- **What needs to be done**
Whenever a line in this data holds the word "wurde", report that line in full.

- **Material for this exercise**
"""
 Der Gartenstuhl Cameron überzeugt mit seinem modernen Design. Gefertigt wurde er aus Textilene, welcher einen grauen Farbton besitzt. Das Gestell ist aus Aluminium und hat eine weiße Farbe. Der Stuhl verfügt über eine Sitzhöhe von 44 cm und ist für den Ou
"""
"""
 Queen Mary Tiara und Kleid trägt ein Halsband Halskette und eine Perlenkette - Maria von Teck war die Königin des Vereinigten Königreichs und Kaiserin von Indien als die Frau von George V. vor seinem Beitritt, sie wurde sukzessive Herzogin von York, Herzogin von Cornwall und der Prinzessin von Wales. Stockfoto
"""
"""
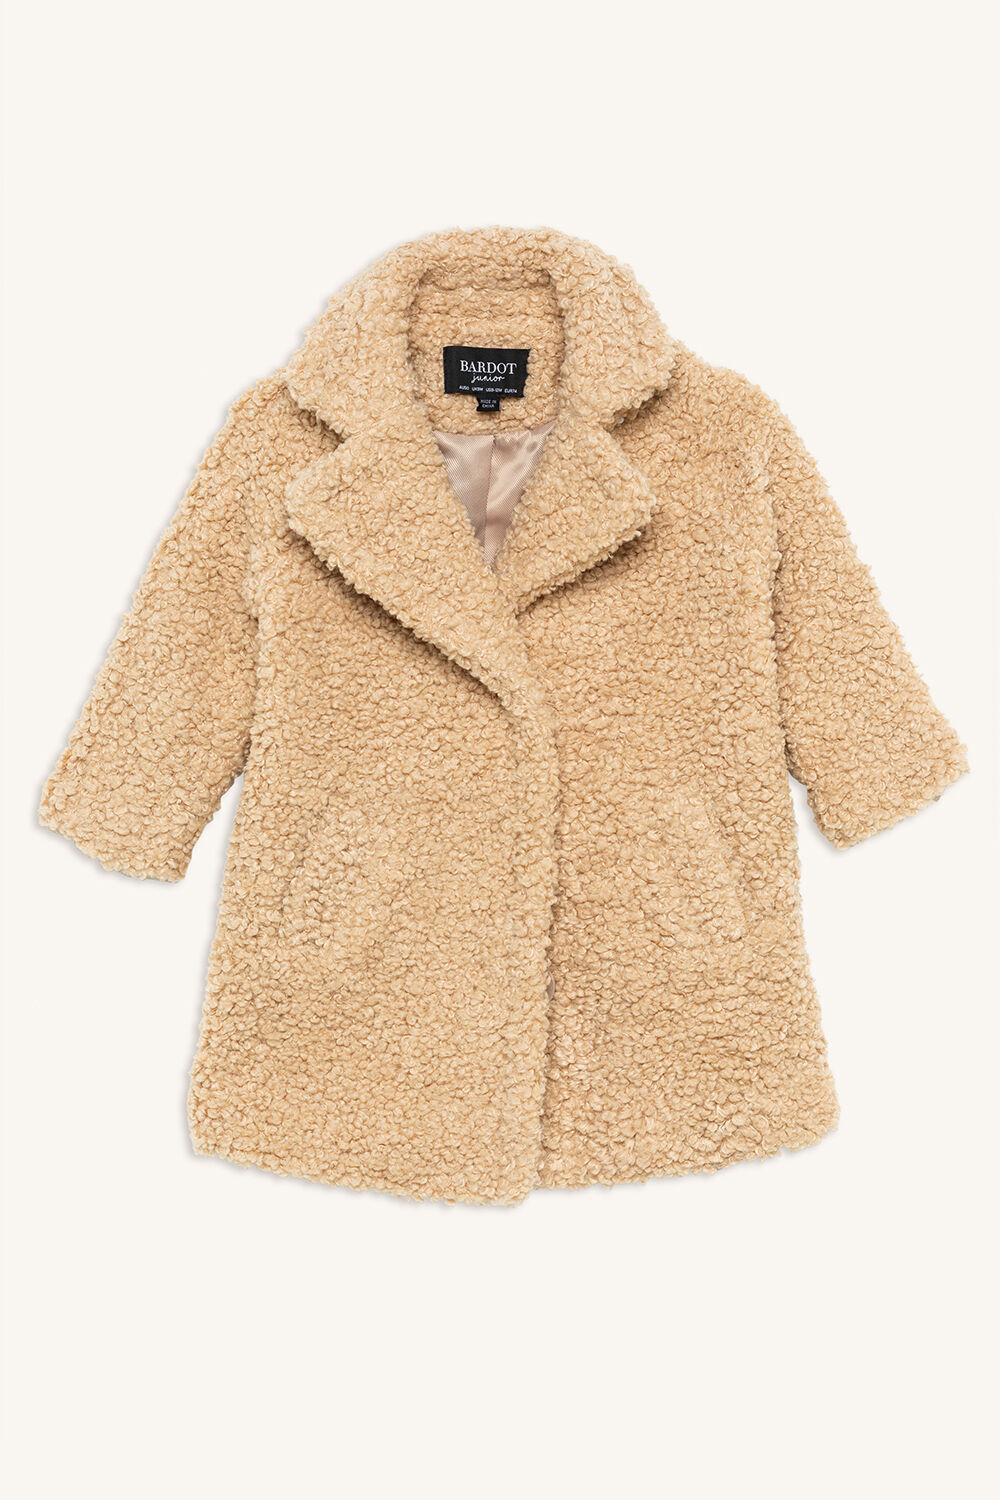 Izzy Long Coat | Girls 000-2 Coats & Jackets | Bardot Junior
"""
- **Expected output**
 Der Gartenstuhl Cameron überzeugt mit seinem modernen Design. Gefertigt wurde er aus Textilene, welcher einen grauen Farbton besitzt. Das Gestell ist aus Aluminium und hat eine weiße Farbe. Der Stuhl verfügt über eine Sitzhöhe von 44 cm und ist für den Ou
 Queen Mary Tiara und Kleid trägt ein Halsband Halskette und eine Perlenkette - Maria von Teck war die Königin des Vereinigten Königreichs und Kaiserin von Indien als die Frau von George V. vor seinem Beitritt, sie wurde sukzessive Herzogin von York, Herzogin von Cornwall und der Prinzessin von Wales. Stockfoto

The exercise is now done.